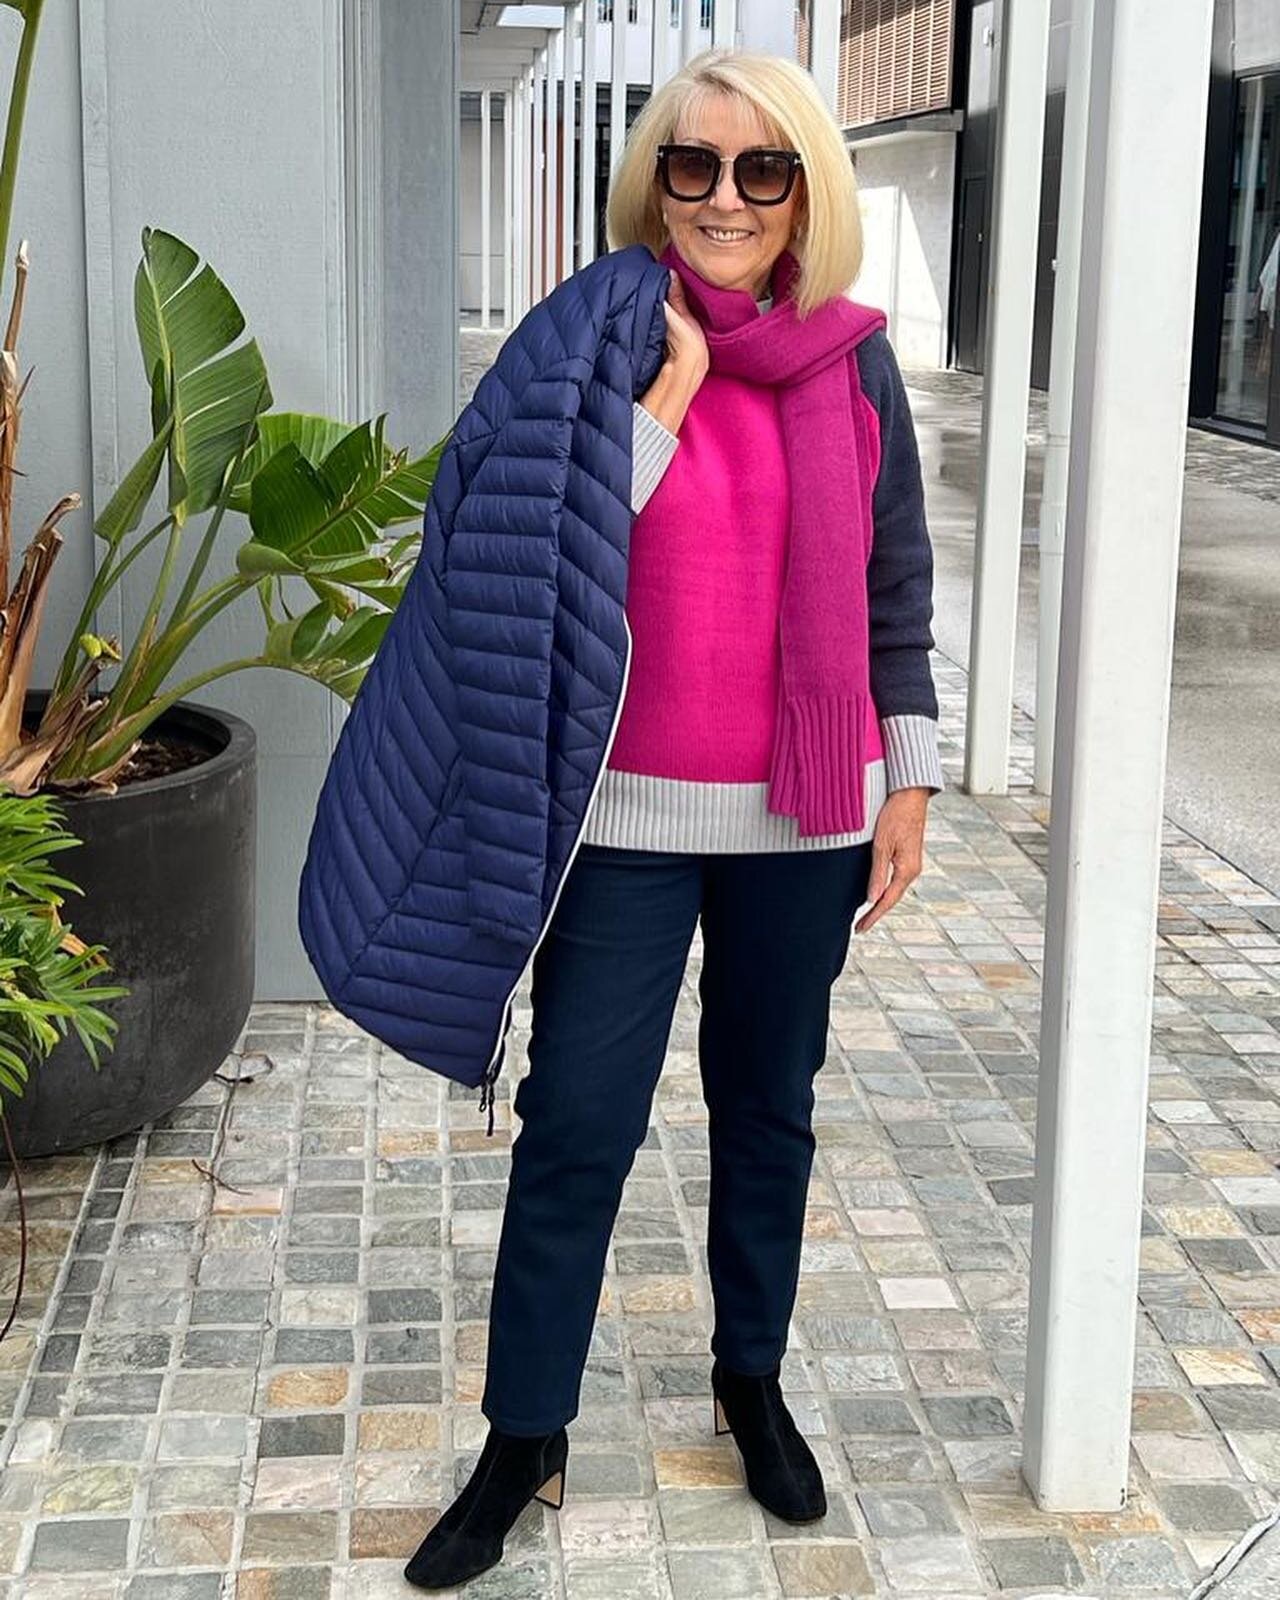 WARM WINTER LAYERS! 💞

We&rsquo;re keeping it cosy in new season KNITWEAR from @fella_hamilton
Soft and luxurious KNITS combined with fabulous WINTER LAYERS such as this cosy Down Jacket, Scarf and Beanie will have you feeling stylish all through th

────────────────────────────────────────

Requirement: All of the material above is to be retyped verbatim, with its pictures omitted.

Response box:
 WARM WINTER LAYERS! 💞

We&rsquo;re keeping it cosy in new season KNITWEAR from @fella_hamilton
Soft and luxurious KNITS combined with fabulous WINTER LAYERS such as this cosy Down Jacket, Scarf and Beanie will have you feeling stylish all through th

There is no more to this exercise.